5 A term coined by the Ruby on Rails camp that equates XML authoring to strenuous exercise

First and foremost, Seam makes the task of defining and accessing stateful business-logic components simple, regardless of whether they are EJB or non-EJB components. A basic @Name annotation atop a class gains it admission into Seam’s contextual container. The container wraps these components in method interceptors, enabling enterprise services, such as transactions, security, and component assembly, to be declared with equivalent ease by applying an annotation at the class, method, or field level.
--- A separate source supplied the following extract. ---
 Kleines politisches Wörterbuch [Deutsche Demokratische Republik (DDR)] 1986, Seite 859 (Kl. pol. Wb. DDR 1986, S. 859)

Seam grants the technologies that it integrates access to the components in this container, primarily through the use of the unified EL. This arrangement facilitates the use of JPA entity classes as “backing” beans in a JSF form, EJB session beans or transactional JavaBeans as action listeners on a JSF UI component, and variables to be resolved on demand using Seam’s factory or manager mechanism.

An important aspect of Seam’s container is its state management capabilities. It consolidates the variable scopes in JSF with two of its own business-oriented scopes. Seam understands variable scoping and helps components from different scopes to work with one another without violating thread safety. Of particular note, Seam can extend the lifetime of the persistence manager across multiple page requests to reduce load on the database and eliminate complexities of using ORM in web applications.
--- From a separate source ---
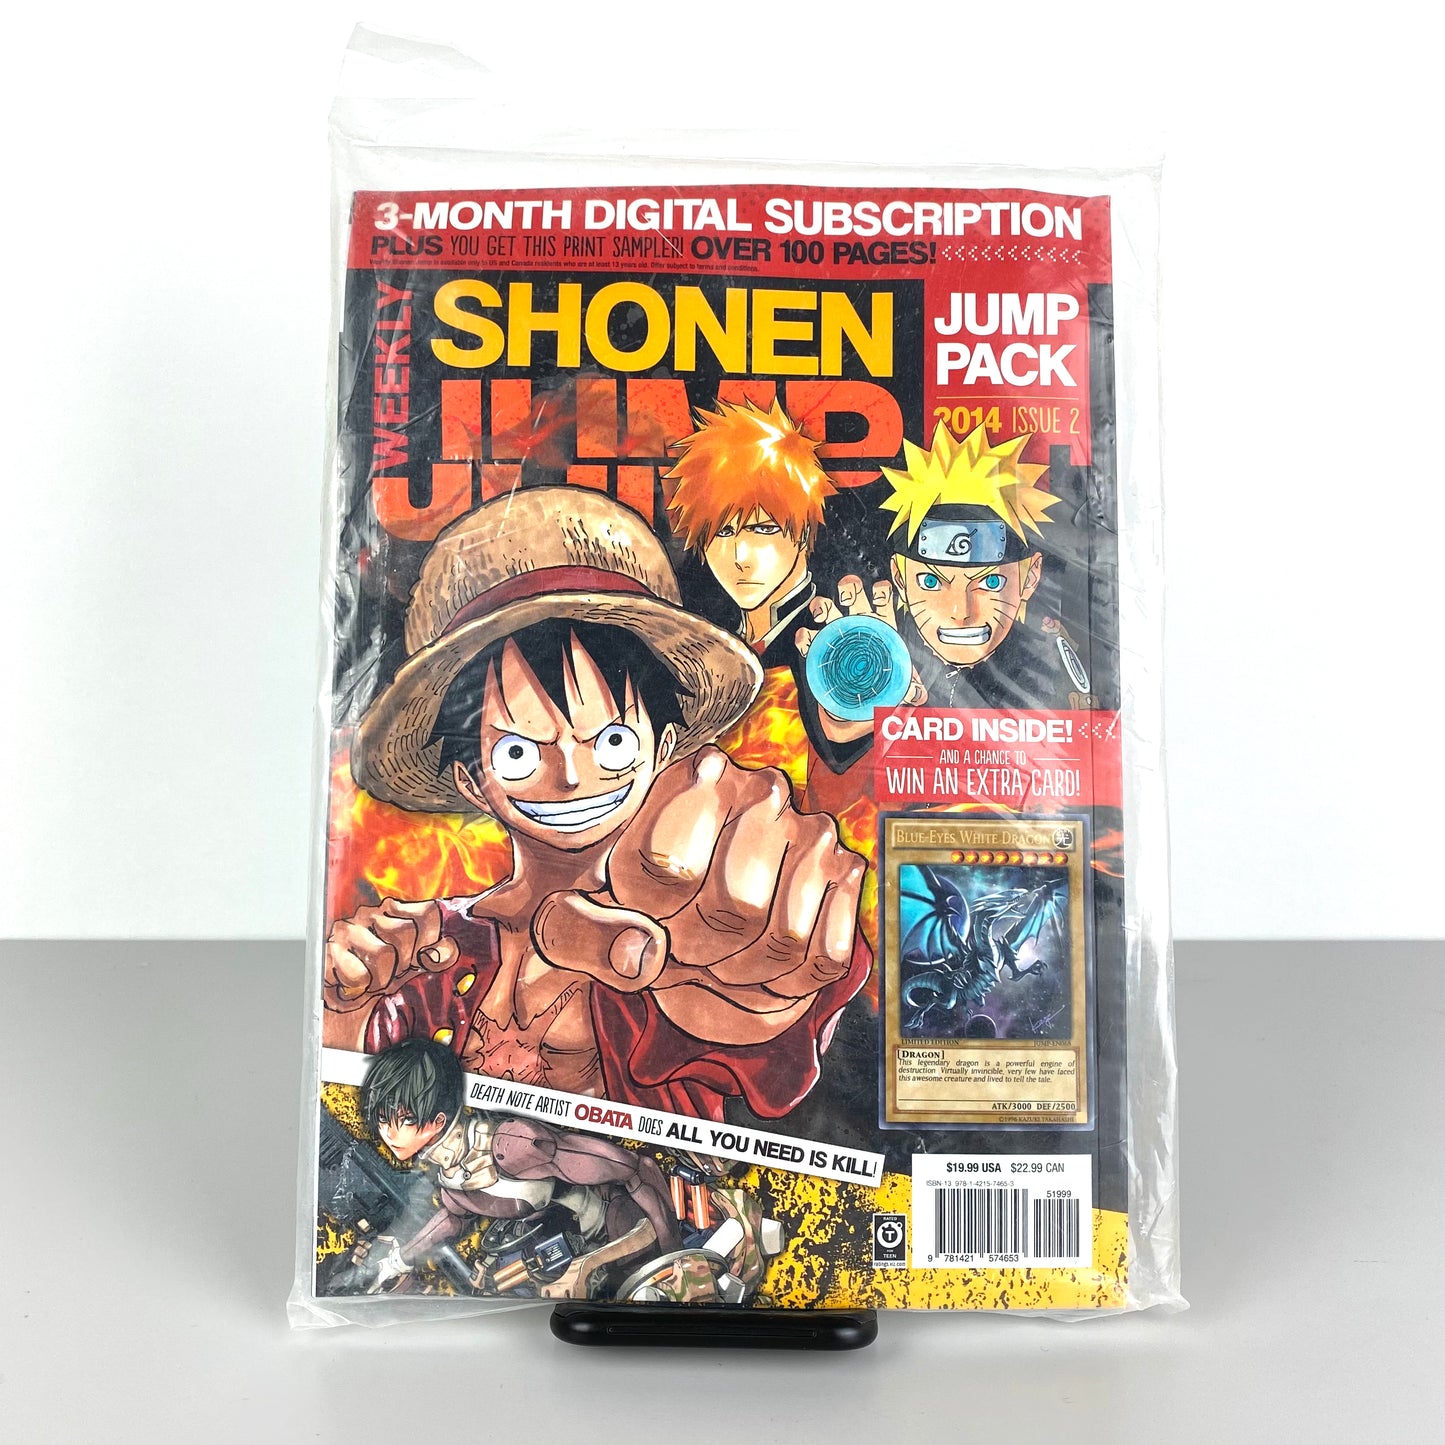 Shonen Jump 2014 Issue 2, includes JUMP-EN068

If you picked up this book because you believe that there is a better framework choice out there for you (and you are not yet using Seam), my promise to you is that Seam is worth checking out and that the time you spend reading this book will be worthwhile. But merely knowing what framework someone recommends is not enough to decide to use it. You have to know why a person prefers a particular framework.[6] In this book, I share with you my extensive knowledge of Seam and explain to you why I find it to be a compelling technology choice. As you read along, I encourage you to develop your own reason for choosing Seam.

6 Scott Davis’ talk, given during the No Fluff, Just Stuff 2007 tour, entitled “No, I Won’t Tell You Which Framework to Use: or The Truth (With Jokes)” inspired this perspective.

The key to agile development with Seam begins with the project generator, seam-gen. In the next chapter, I show you how to use this tool to develop an entire application from scratch, how to get the application set up in your IDE, and how to take advantage of incremental hot deployment. While you must turn over some control when you opt to go with seam-gen, you’ll quickly find that you don’t miss the work.